## EXTRACTED ENTRIES
=======
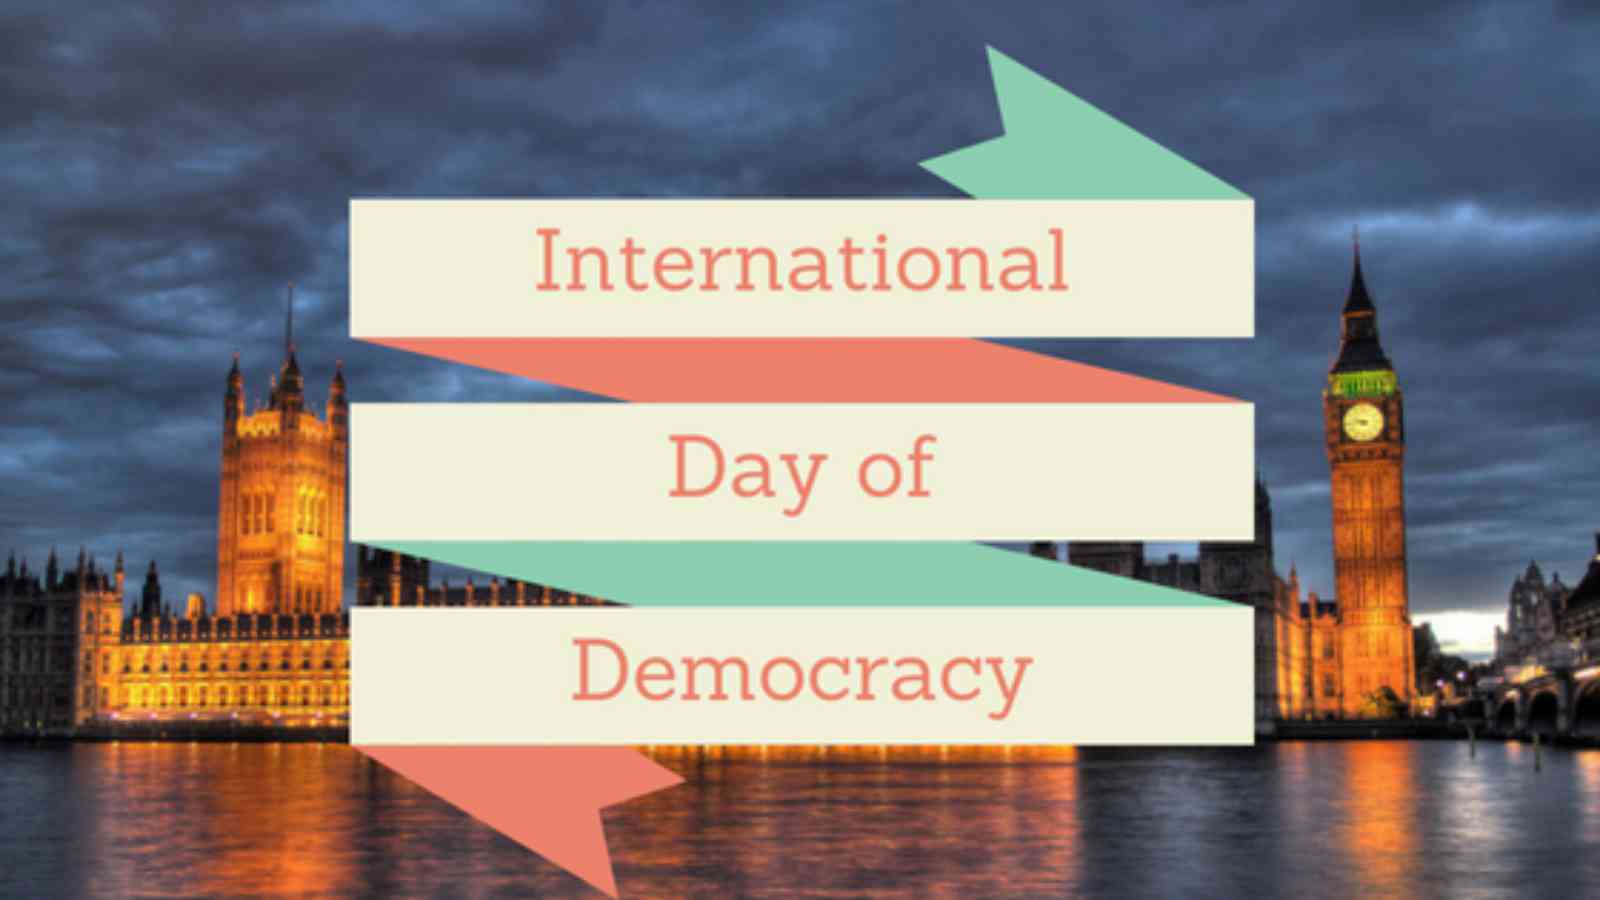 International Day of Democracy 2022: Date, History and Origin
=======
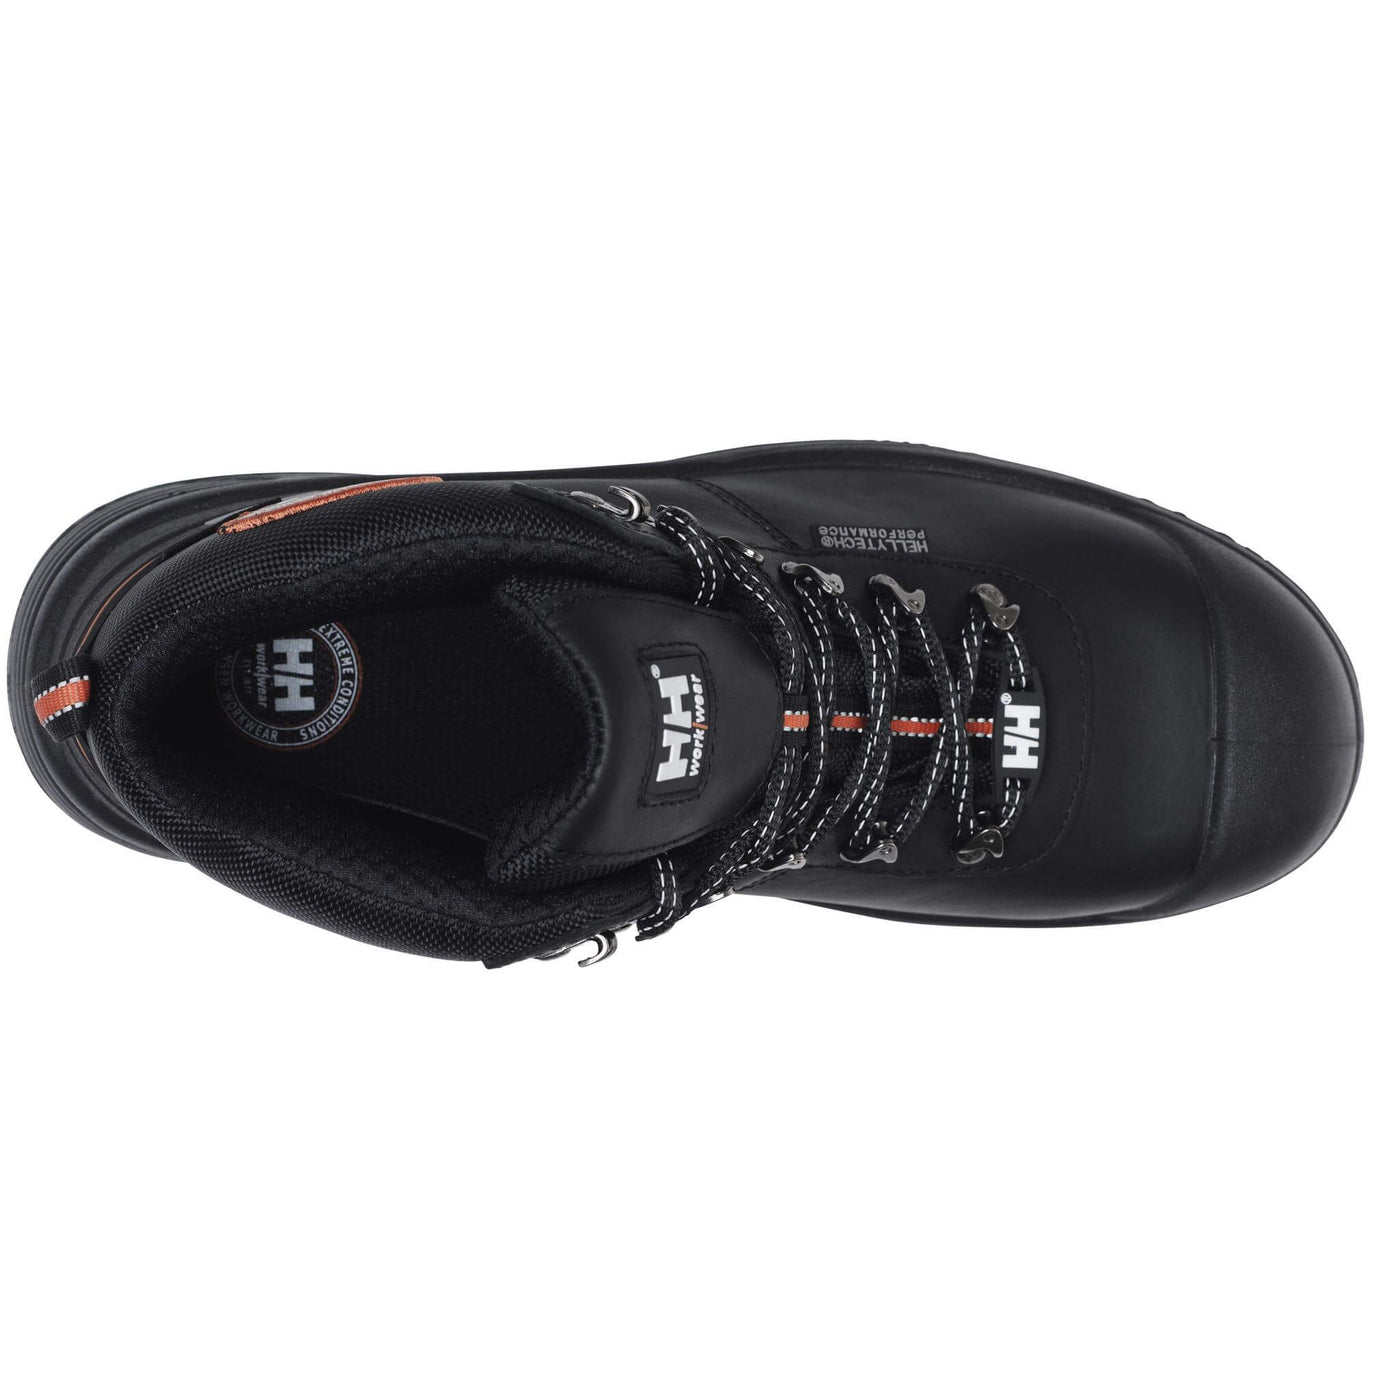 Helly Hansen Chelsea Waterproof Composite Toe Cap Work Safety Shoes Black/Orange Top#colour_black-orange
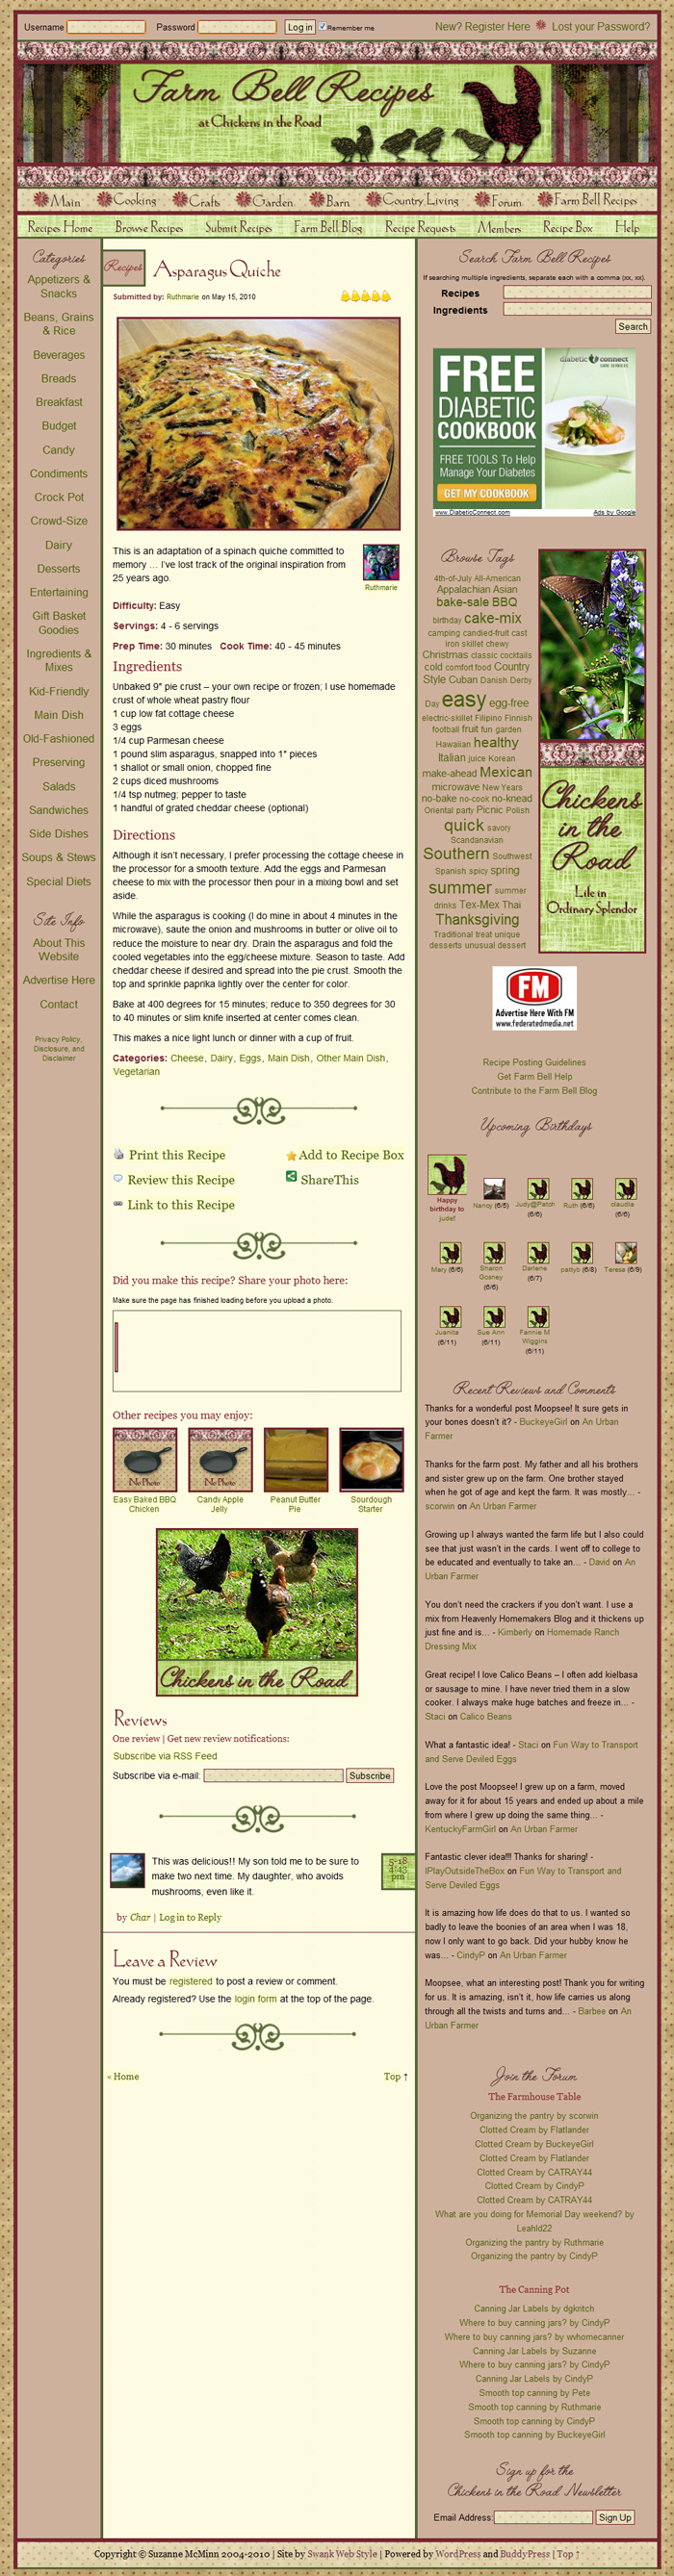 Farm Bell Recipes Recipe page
=======
## PROBLEM REQUIREMENTS
From the records above, copy only the lines running from the line holding "Helly Hansen Chelsea" through the line holding "Farm Bell Recipes Recipe page", with no pictures.

## RESPONSE
 Helly Hansen Chelsea Waterproof Composite Toe Cap Work Safety Shoes Black/Orange Top#colour_black-orange
 Farm Bell Recipes Recipe page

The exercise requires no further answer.